J- JENNIE Virginia Allen Turner in the 1920s

Robert Pope, Jennie V. Turner, Beulah Pope (back) Alice Turner, Daisy Turner. 1921 trip to Detroit, with a side visit to Windsor, Canada
1920 Census

My grandmother Fannie’s mother Jennie Virginia Allen Turner and her two other daughters were still in Montgomery, Alabama when the census was taken on January 19, 1920. My great grandmother Jennie was living in the same house she had lived in during the 1910 census. She owned it free of mortgage. All three were listed as mu(latto) and spoke English.

Jennie was 52 years old. She had been born in Alabama and the census said her father was born in South Carolina, although other records say Georgia. Her mother was born in Alabama.

She worked on her own account as a seamstress from her home. The oldest daughter, Daisy, was 25 and occupation is listed as none, while younger daughter Alice, was 11 and listed as both attending school and working as a clerk in a grocery store. Actually, Daisy was working as a clerk in her uncle Victor Tulanes store. Alice just attended school.

All of their neighbors on the page were listed as B(lack). Thirteen of them rented their houses while three owned their homes. The school age children in these families all attended school, except for one 16 year old who worked as a laundress with her mother.

Some of the married women worked outside of the home and some did not. The single women worked. They held jobs as cooks, laundresses, elevator operators, house servants. With one seamstress and one clerk.

The men worked as porters, carpenters, one doctors keeper, a butler, laborers, a chauffeur, a fireman, a minister, a driver, and a proprietor of a retail store. Thirteen rented and three owned their homes free and clear.

Read more about The Emancipator here The Emancipator A to Z 2018

When her grandchildren were born in 1920 and in 1921, Jennie Turner and her daughters visited Fannie in Detroit. In 1922 when Fannie and Mershell were waiting for the birth of their third child, my mother Doris, Jennie, Daisy and Alice moved to Detroit. The two households bought a house together and eventually my great grandmother and her younger daughters bought another house further out on the East side of Detroit.

10 thoughts on “J- JENNIE Virginia Allen Turner in the 1920s

  1. The notice in The Emancipator that your great-grandmother and her daughters (your great-aunts, right?) were going to visit Detroit sounds very momentous. (Were they part of a small middle/upper-middle class or was this kind of society announcement common at the time?) They returned to Alabama and two years later moved up to Detroit permanently. Perhaps they discussed the matter and started making plans for the move on that first visit.
    A hundred years ago.
    Love this chronicle of your family.

    1. The Emancipator was a black newspaper published by my grandmother’s cousin, James Edward McCall. They were part of the black middle class. This kind of announcement was common during that time. I added a link to a post about The Emancipator.

      Maybe they did talk about it during that visit and begin to prepare.

  2. The social news in old newspapers contains so many fascinating tidbits about the lives of readers. I know that social media has replaced this sort of news, but I feel like something has been lost.
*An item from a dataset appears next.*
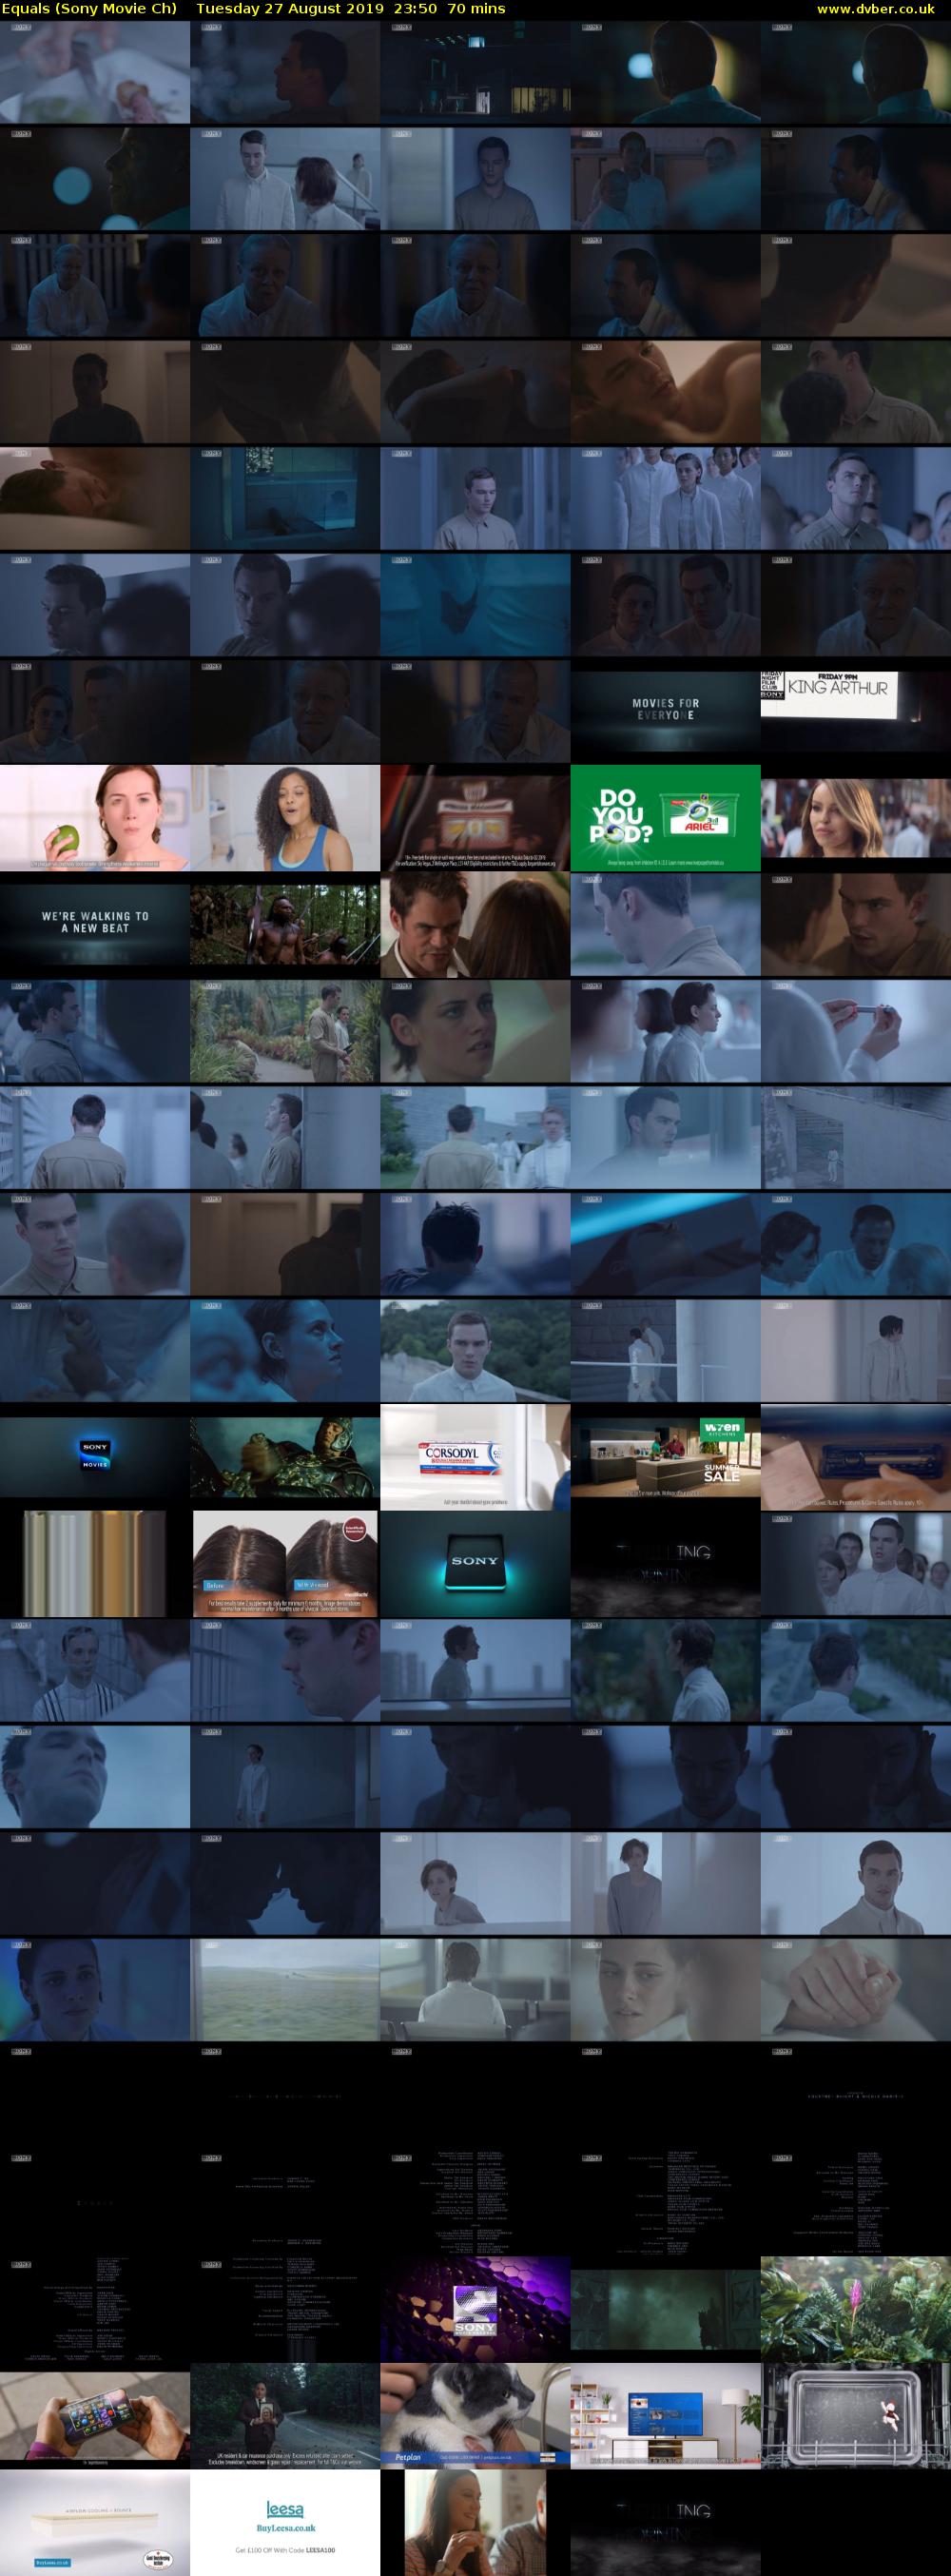 Equals (Sony Movie Ch) Tuesday 27 August 2019 23:50 - 01:00
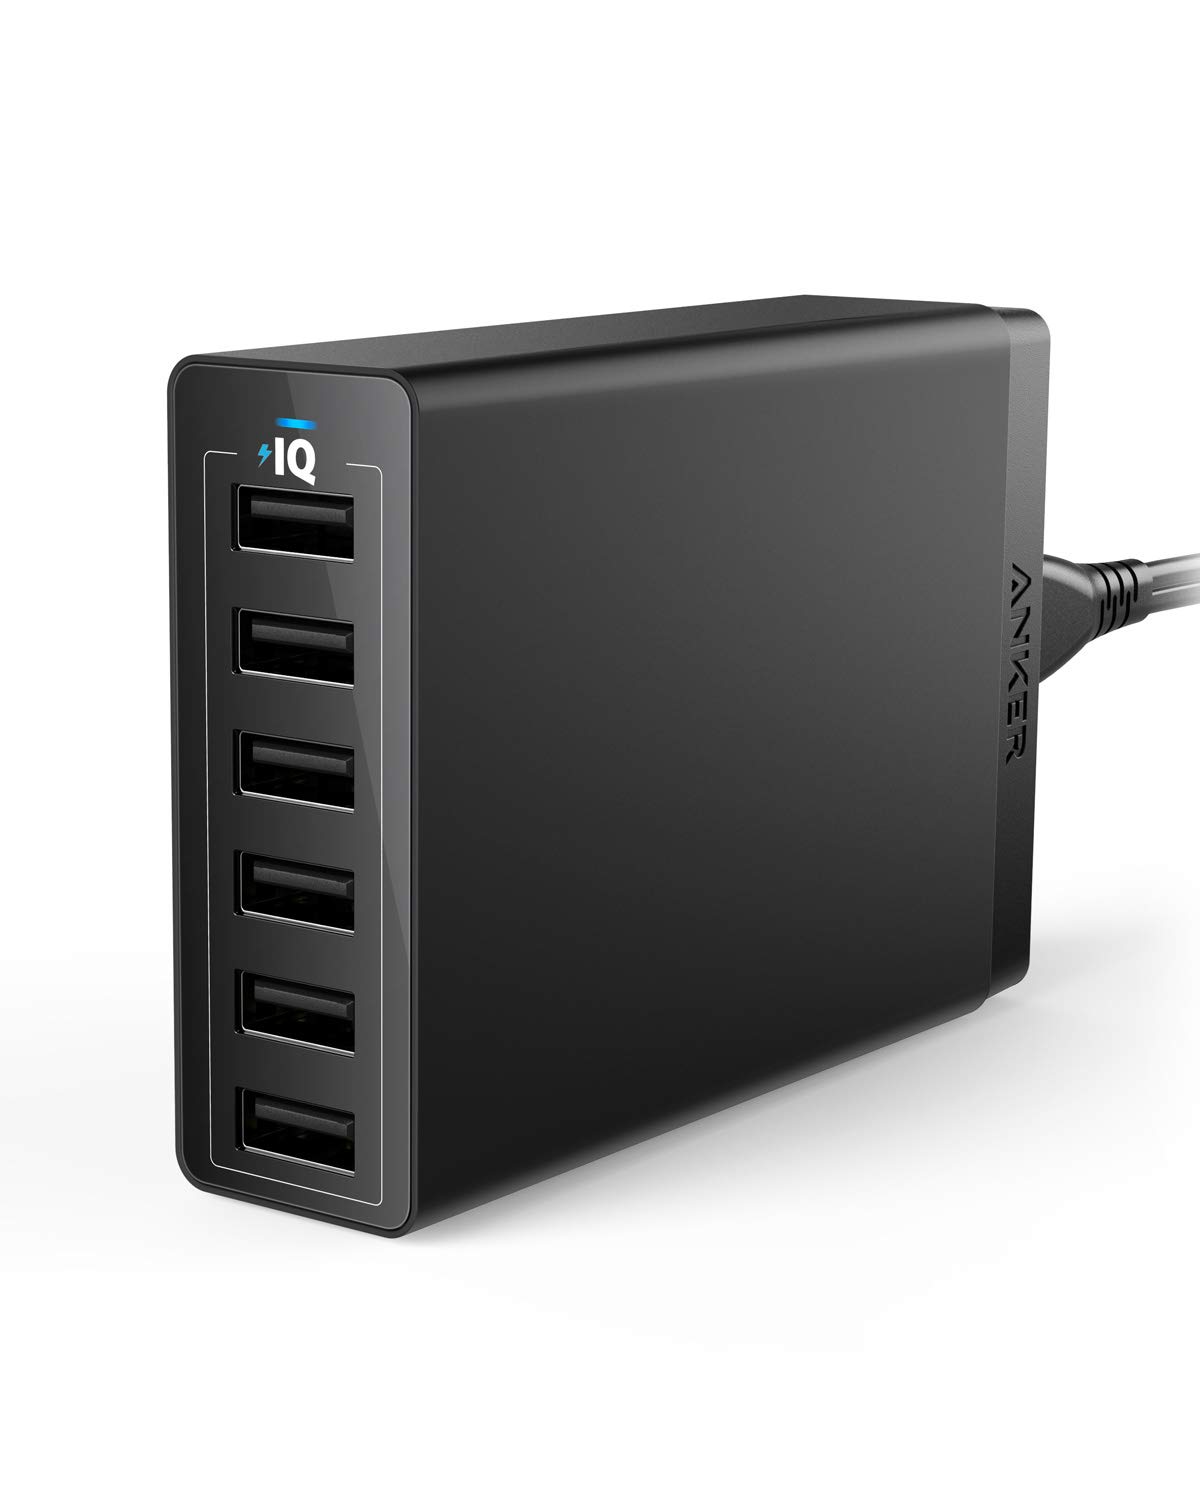 Anker Charger, 60W 6 Port Charging Station, PowerPort 6 Multi USB Charger - $19.99

I wonder what the family historians of the future will be able to find about their ancestors.

    1. In my studies of Montgomery, Alabama during the earl y 1900s, there were many women elevator operators. Some were related to me.

      When I was growing up in Detroit in the 1950s the elevator operators were all women and they were all African American women.

  3. I enjoyed reading all the jobs these people were employed in. This is the kind of info that is difficult to find when researching. What kind of jobs real people were doing. How common it was.
    I find it very interesting that so many women were working outside the house. Sometimes, when I research, it sounds like it wasn’t so common.

    @JazzFeathers
    The Old Shelter – Living the Twenties

    1. I think different neighborhoods would have different numbers of women working and different types of jobs. Because of segregated housing, African American neighborhoods would have a variety of income levels and job types. The census is a great resource for getting a look at the whole community.